LV: You mentioned before that you don't think of yourself as a painter who is creating a lot of space in your painting and that you think more of the surface of the painting. Can you talk a little bit more about that?
LC: I think less of creating space because I don't really think of a painting in the Albertian way, of it being a window to a reality. I'm interested more in the surface of it, in the inner divisions of the square. I love early renaissance paintings, manuscript illustrations and Persian and Indian miniature paintings, which have this rather flat surface, and strange sense of space, so I guess they have a big influence on me. I do think of space and air but I can't say it's my main concern, it's more about the shapes and divisions. When I would go out painting I would always find myself drawn by close motifs that make for a rather flat painting, as well as motifs with a close tonal range, so with time I realized these are my interests more than creating this vast airy landscapes. This is probably why I do more cityscapes and buildings.
LV: Thank you for the clarification, I think I understand better. I also wanted to ask you about making transcriptions from the old masters. Are there any masters you recommend copying? Also, how would you go about making a copy?

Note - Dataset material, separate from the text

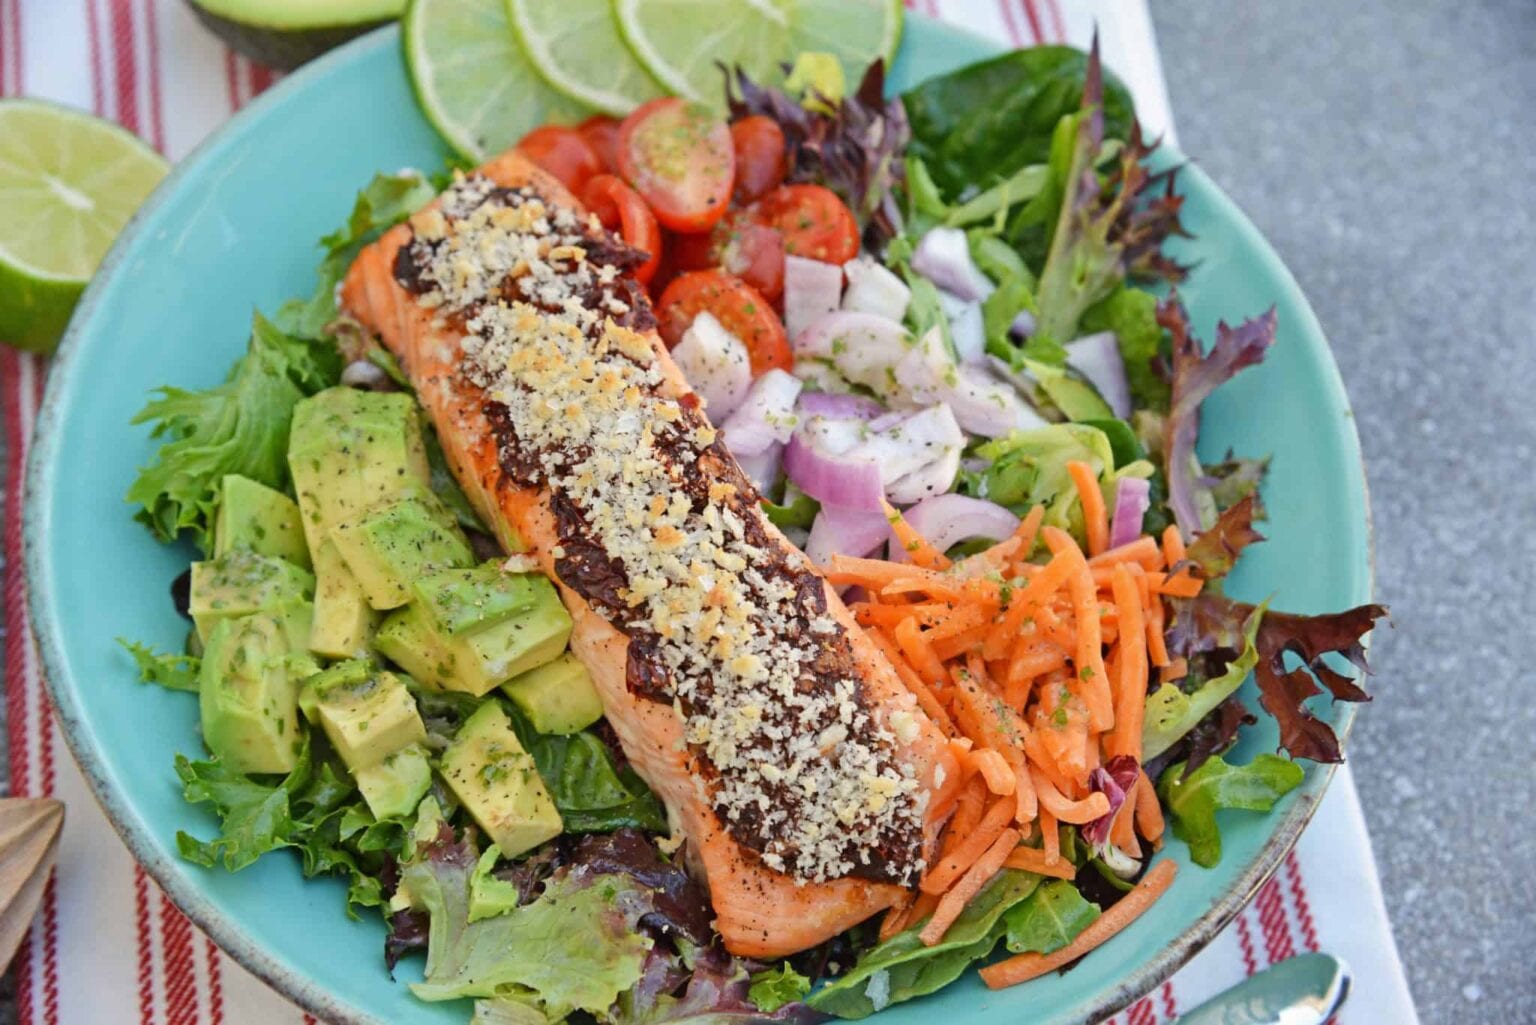 Crispy Chipotle Salmon Salad - A Delectable Salmon Salad Recipe

LC: So about copying- the masters I copy the most are Piero Della Francesca, Caravaggio, Titian, Corot, early Italian renaissance masters like Giotto and Lorenzetti and Degas. I think the reason to copy, or rather make studies, of old master paintings is to learn something from them, so the best thing to do is to find the ones you like the most, the ones you would want to paint like, or have a certain quality you would like to have in your own painting, and do studies from them. Do small sketches, charcoal studies, color sketches, just don't try to copy the painting as it is, there's no point in that. Making a study after someone's work allows you an insight into their thought process, into the way they look and make decisions, it provides you with an opportunity to engage in a close relationship with them in a way studying about an artist will never do.
The other thing about these studies is that they provide you with a kind of experimental playground. Somehow these studies make you feel less committed, less serious, than when you are facing a still life or a portrait for example. I feel I can experiment more with studies after the masters, push the colors further, try combinations I would normally be afraid of and generally make more of a mess. The pressure of making a "good" painting isn't there, because it's not your painting anyway.
Also, transcriptions are not something you only do as a student and that's it, it's something worth doing as a continuous practice. When I'm in the studio and have no idea what to do, or stuck on the painting or just generally uninspired it always helps.
I also recommend looking at Balthus's studies of Piero, and Picasso's studies of Velasquez to see some good examples of the way these great painters interpreted old master works.
LV: Thank you for these replies! I just have 2 more questions.
Do you premix several colors before you start painting or do you mix one color at a time? Or a different process altogether?
When you're making a copy do you use an image for reference on a screen like your phone or computer or an image on paper? Does it matter to you?
LC: I have simple answers for both of those. I never premix colors. I look and react, I mix the colors I see and try to make them work together, which means I have to change them and adjust all the time. I think a good painting gives the feeling of the painter being surprised by what they discovered about the world through the act of observation and painting, so I find pre-mixing to be the opposite of letting oneself be surprised, the opposite of exploring.
When I'm making a copy I use whatever I have available, be it a reproduction in a book, from the internet, or a photo I took myself. I do find it more convenient working from a book, but it doesn't matter that much. As I explained in my previous answer about copying, it's never about making a copy, or a reproduction, of the painting, and sometimes less information is even more helpful to see the big picture and to not get caught up in the details. Anyway, even in a good quality reproduction, you never get the actual colors of the painting, so when making a color study one has to invent.